Intuitive Eating for the Holidays
The holiday season is in full swing and with this time of year comes lots of fun, food, and time with family and friends. As dietetics professionals, this can be a tricky season to navigate–there can be pressure to eat a certain way, the feeling that others are watching to see “what the dietitian eats,” or family members asking about the latest diet trends, while you may just be trying to enjoy some pie and time with loved ones. At the same time, our patients and clients may be experiencing their own challenges making their way through food-filled celebrations, and may look to us for guidance.
Intuitive eating offers a way to not only survive, but thrive while enjoying our holiday meals mindfully and peacefully. Practicing intuitive eating during the holidays (and year-round) can help us to nourish ourselves in a way that feels good, to model a healthy relationship with food for the friends and family members around us, and provides tools we can share with patients or clients to help make the most of this special time of year.
Evelyn Tribole, one of the co-creators of intuitive eating, published the Intuitive Eater’s Holiday Bill of Rights:
- You have the right to savor your meal, without cajoling or judgment, and without discussion of calories eaten or the amount of exercise needed to burn off said calories.
2. You have the right to enjoy second servings without apology.
3. You have the right to honor your fullness, even if that means saying “no thank you” to dessert or a second helping of food.
4. It is not your responsibility to make someone happy by overeating, even if it took hours to prepare a specialty holiday dish.

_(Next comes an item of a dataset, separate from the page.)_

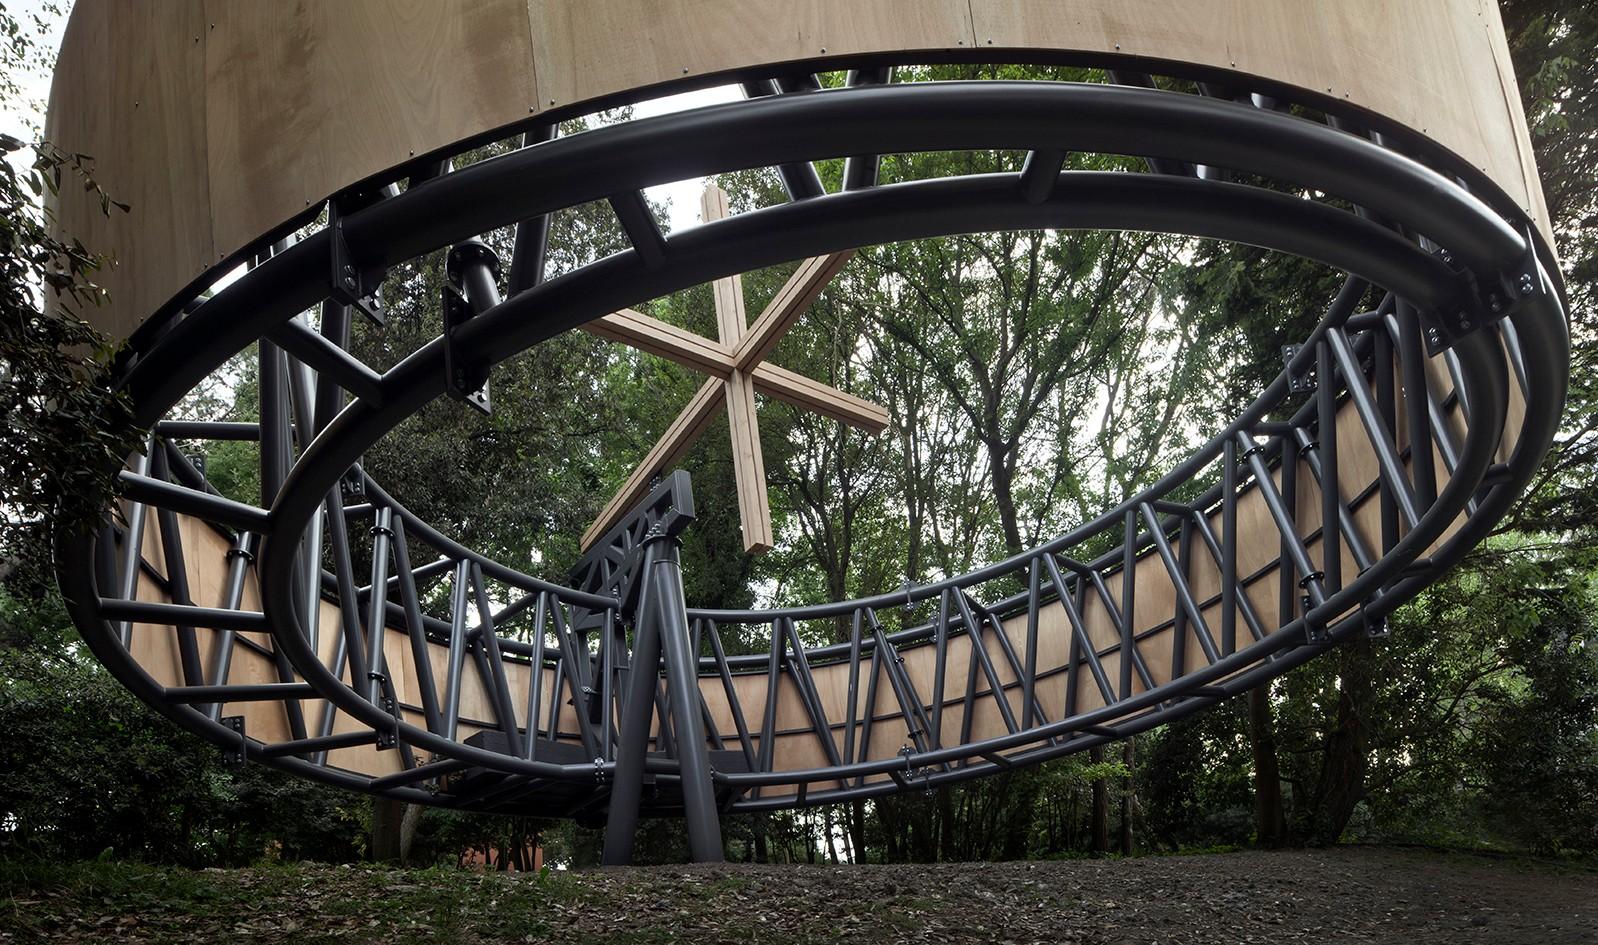 Ватикан на 16-й Архитектурной биеннале в Венеции выступил рачительным заказчиком и реализовал проекты архитекторов
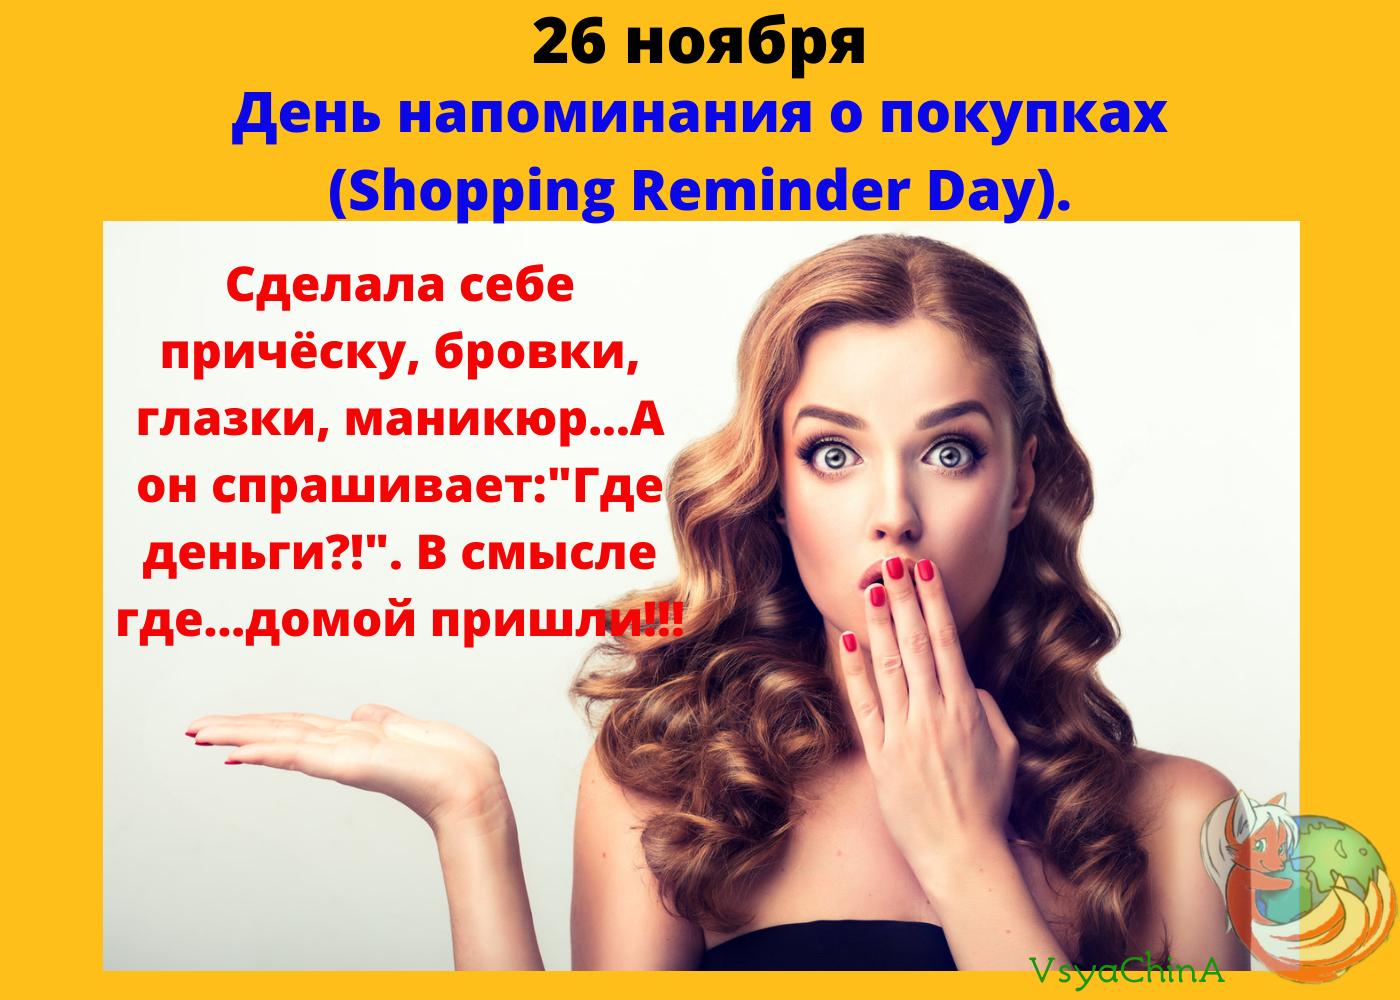 26 ноября. День напоминания о покупках.

5. You have the right to say, “No thank you,” without explanation, when offered more food.
6. You have the right to stick to your original answer of “no”, even if you are asked multiple times. Just calmly and politely repeat “No, thank you, really.”
7. You have the right to eat pumpkin pie for breakfast.
Remember, no one, except for you, knows how you feel, both emotionally and physically. Only you can be the expert of your body, which requires inner attunement, rather than the external, well-meaning, suggestions from family.
(Copyright © 2010 by Evelyn Tribole, MS, RD Published at www.IntuitiveEating.org )
The season can be especially challenging for our patients (and loved ones) with chronic diseases such as diabetes and kidney disease. As dietetics professionals we are well-positioned to help them enjoy their favorite foods mindfully while meeting their dietary needs. Discussing food and eating in a positive, non-judgemental way can make a big difference.
I invite you to explore how you might practice intuitive eating this holiday season to lead to a happier, healthier time for you, your patients, and family and friends.